/ BLOG / WebDev languages suck
As quite a few of you know, I’m rather dissatisfied with web development languages as a whole. I’m now 20 and I’ve tried or used quite a lot of languages, over the years; some of which were specifically designed for webdev, such as PHP, and others that were not, C or brainfuck for instance. I no longer feel that there are any suitable web development languages. None take my fancy and something about using C, for what is often a simple task where scablility isn’t a concern, just feels a little dirty and C-snob-ish to me.
Every language has flaws; be it inconsistant API, strict whitespace rulings, poor or half hearted design decisions, or not actually being the best tool for the job. So could I do better? Most likely not.
The first thing I think I have to define is the fact that computer languages are just as much a product as the things you create with them. So why am I saying this? Often languages aren’t engineered properly, with lack of fore-thought and design goals. This leads to what can only be described as the "PHP-Syndrome". Once you have a clear goal, you need to strive for that goal and hit it with full force and no deviation. If you do this, you’ll have the Firefox of the web language community. If you don’t, you’ll end up being the bloated Mozilla Suite.
Unfortunately being the new kid on the block can be really difficult some times. You’re going to be picked on, and you certainly won’t be immediately popular, so how do you carve out a niche for yourself? After all everyone needs one? Absolutely not. Whilst it’s true a new angle can help to sell your product, being different for the sake of being different can be a big mistake. Depending on your market, compatibility familiarity maybe the key.

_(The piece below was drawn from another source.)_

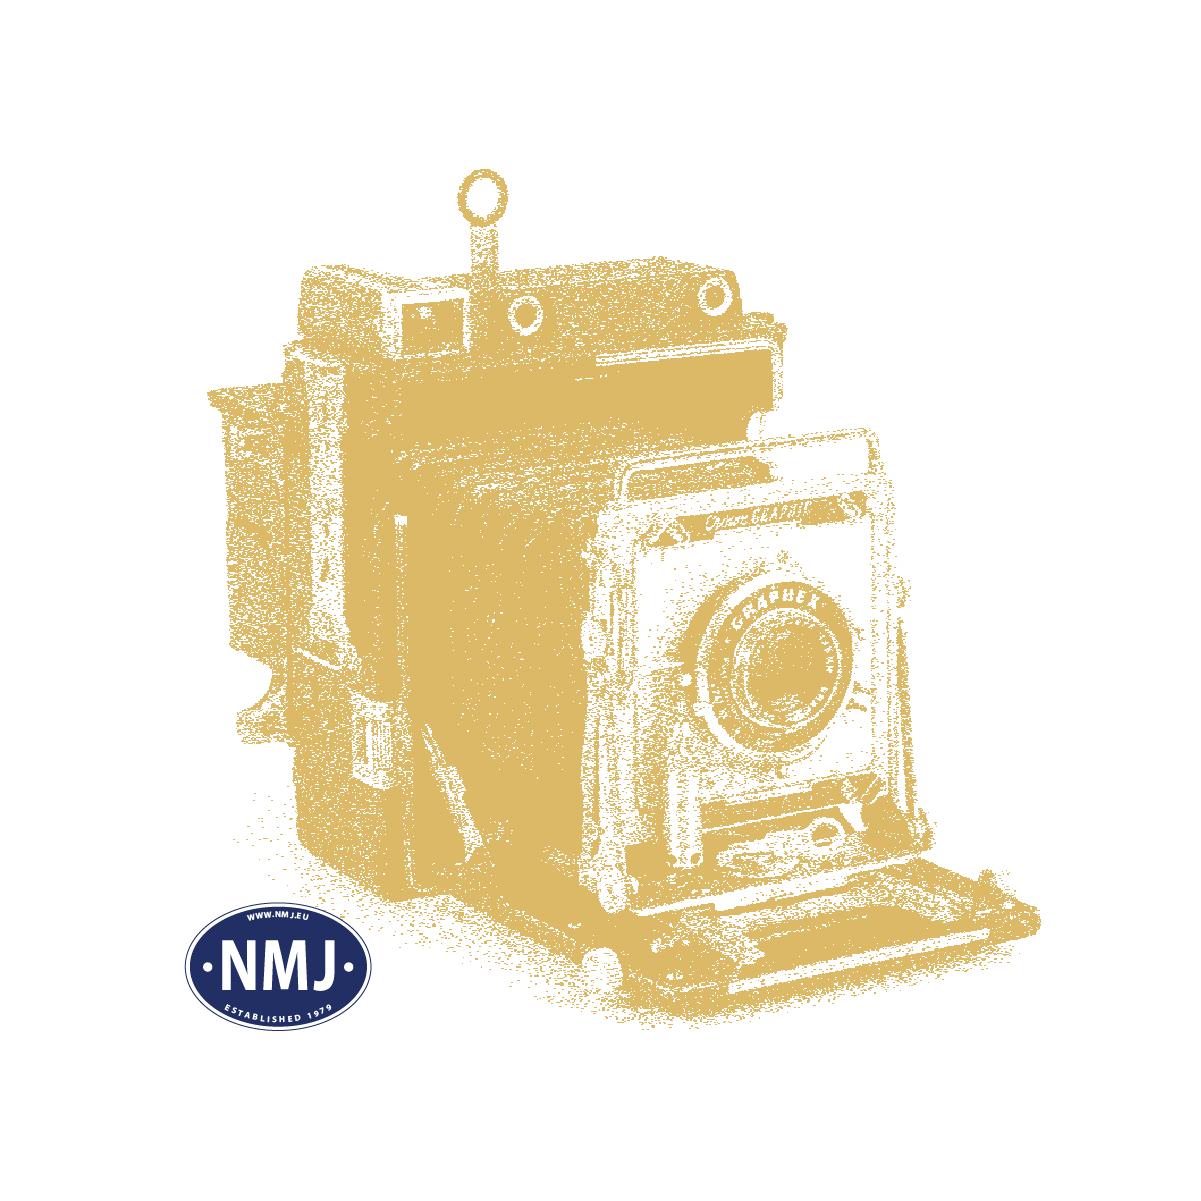 FAL172105 - Bruntippet Pensel, 1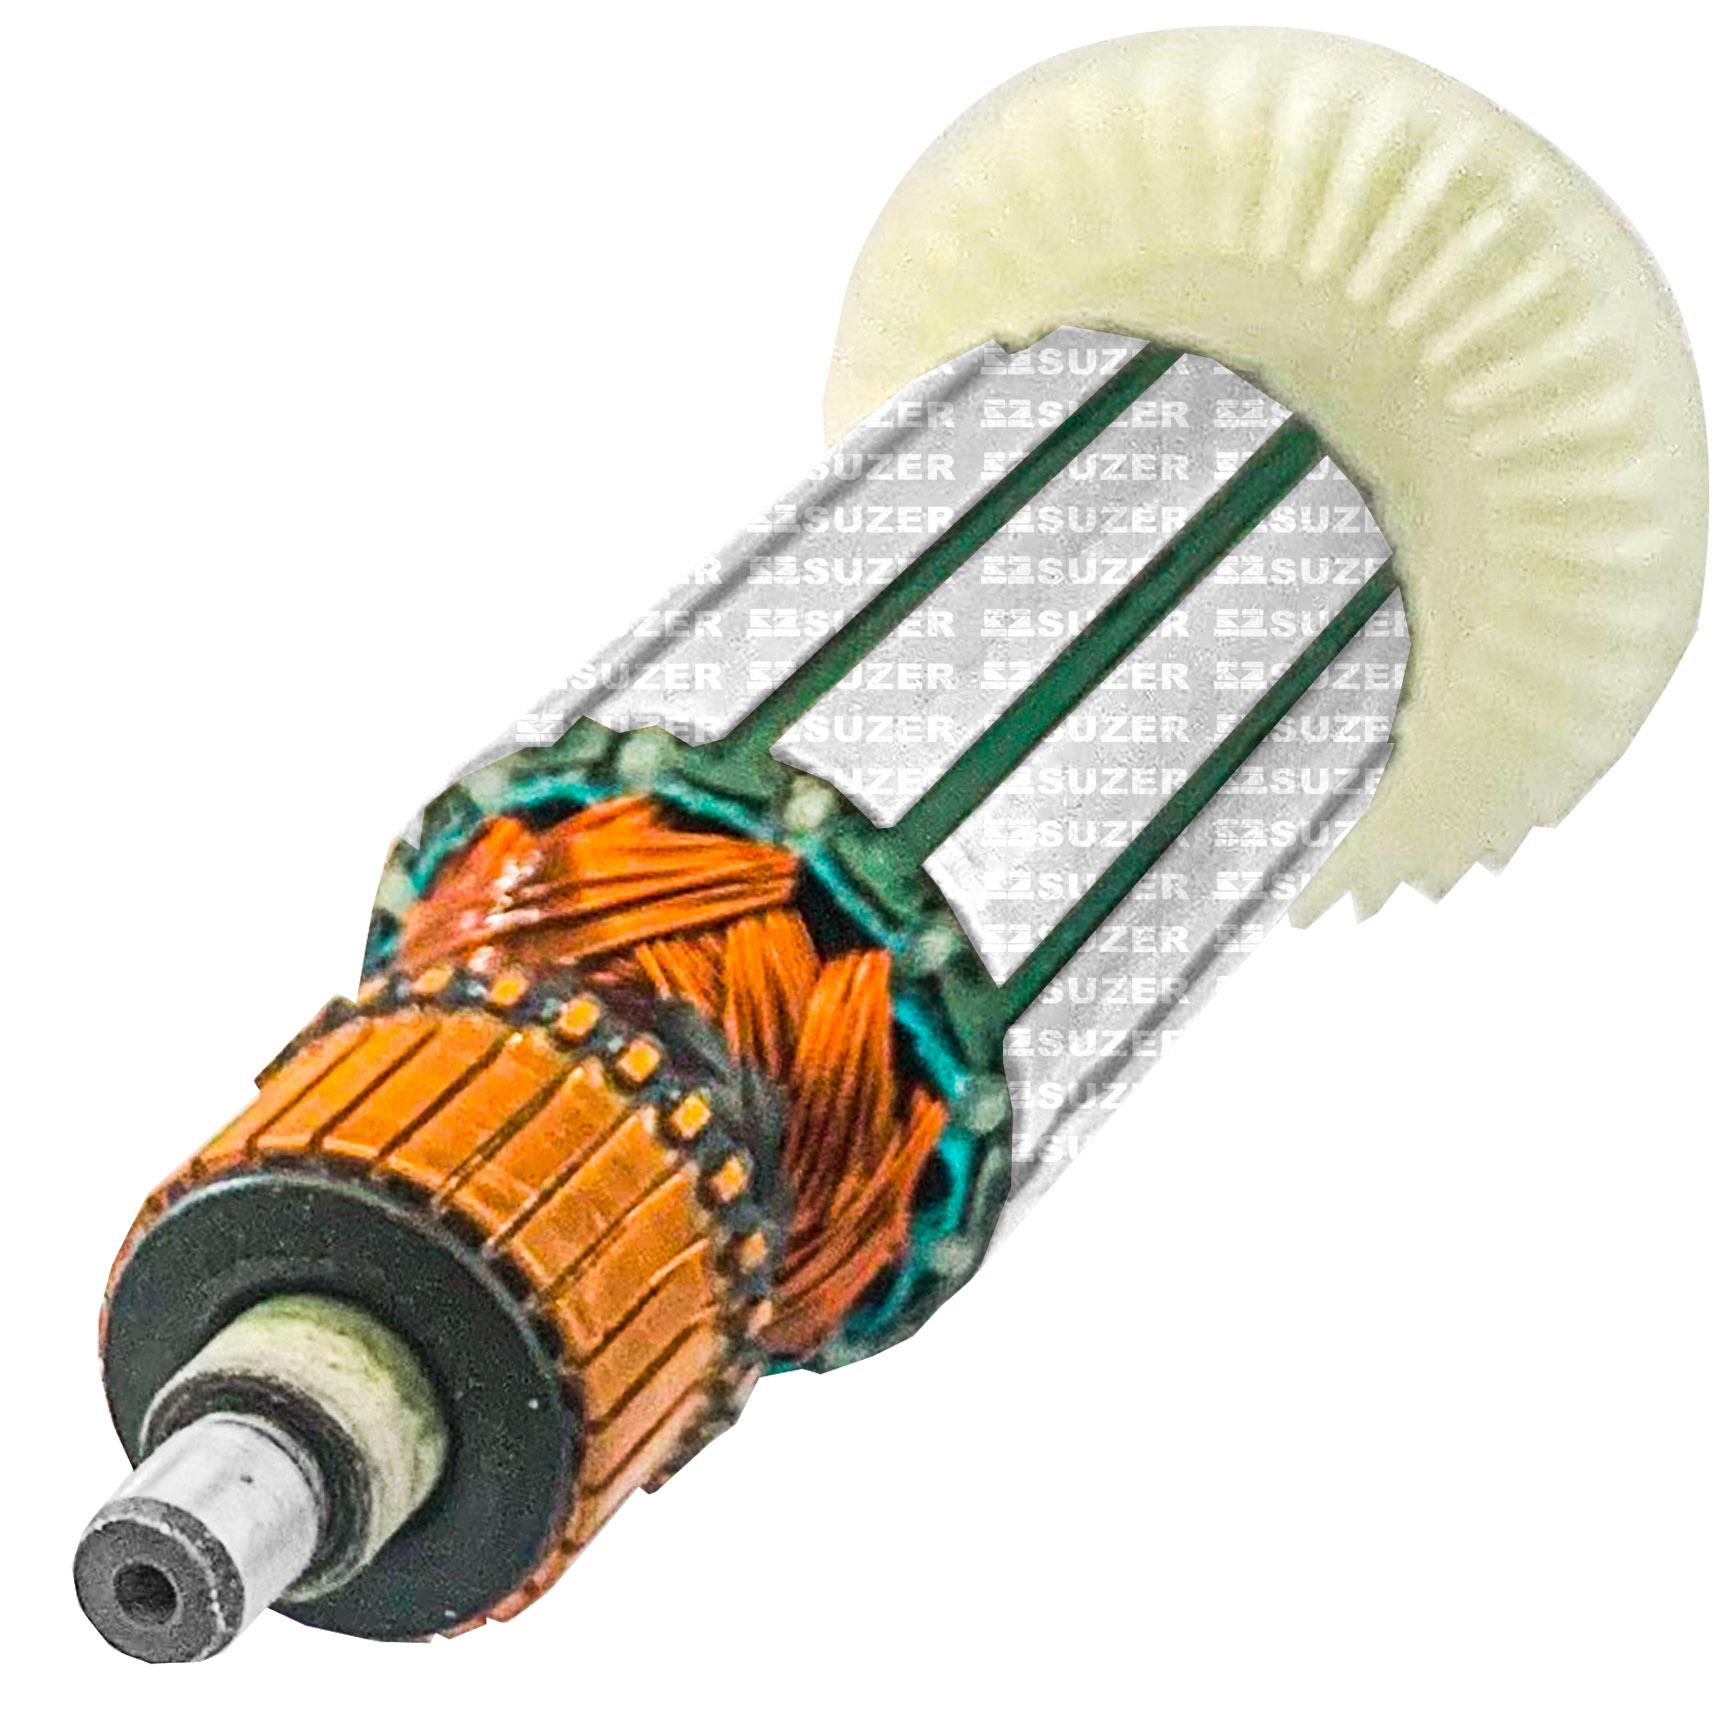 Induzido (rotor) para esmerilhadeira makita Mga450 /452 4 1/2 Polegadas 152mm

Having defined these points of interest, I wanted to come down to the meat (and two veg) of my article. Unfortunately I’ve found it to be rather difficult. Having never designed a language and neither having the time nor money to put towards some serious R&D I’m already introducing anti-patterns into my architecture and I’ve not even discussed it yet. I’ll battle on though.
The goals I intend for my ideal language to fulfill are fairly straight forward;
- Easy to learn and use
- Have an easy to maintain and simple API
- Have a reduced API to prevent carpel tunnel-esque issues, yet still have the flexibility and power of a "full" API (without the complications of dual API's)
- Have a consistant API
- Security focused
- Self documenting
- Simple to extend
- Use Memory Management
- Allow for connection pooling
- Thread safe
- Flexible enough to create stateful applications without much work
Most of those points are quite obvious, but I think I might have to explain the final point. By design HTTP was originally stateless, unfortunately this meant that building real applications was a royal pain in the arse; which is why we have things like cookies tacked onto the end of the HTTP specs. I understand this, but I also see that a hell of a lot of web apps want to be stateful, and rolling your own system can be irritating even if its purely a case of wrapping some arbitrary functions. I will add a caveat to this intelligence, and that is it must not be like RoR and do what it thinks I want to do.
Before I get too heavily involved in implementation and start ranting again, I’ll Segway neatly into synatx and semantics. Overall, in terms of general syntax I refuse to rock the boat and will stead fastly state that C-style is the One True Way™, with one exception; returning values from functions. Returning struct’s implies a memory layout which shouldn’t be applicable to a memory managed language, and so for this one reason I’ve got to go with Lua style of returning multiple values.
Data types can be a big one to handle in web applications. I personally really like having a clear set of datatypes which you can assign to variables, and dislike PHP’s half hearted attempts of "type hinting". I do agree with an additional void or automatic type for certain use-cases, such as user input, which you can later sanitise.
With regards to OOP support, I used to find it a god-send for larger projects. Unfortunately you often find it being abused by many all over the digital universe. This is either because the person using it doesn’t understand, or the language isn’t up to it. For this reason I believe that either it should be supported with good documentation and a method to stop over use of singleton’s, or not supported at all. For this reason I propose OOP support, with the proviso that we (that’s the royal "we") find some way to stop the madness.
So that rounds off a few of the sharp corners that irritate me about web languages. I know theres a hell of a lot more work and thought involved, and as such you should really view this as a chance to moan. There’s a lot of available languages out there, and I know that I’ve not tried them all yet, but it does make me wonder if there is that fabled webdev nirvana out there.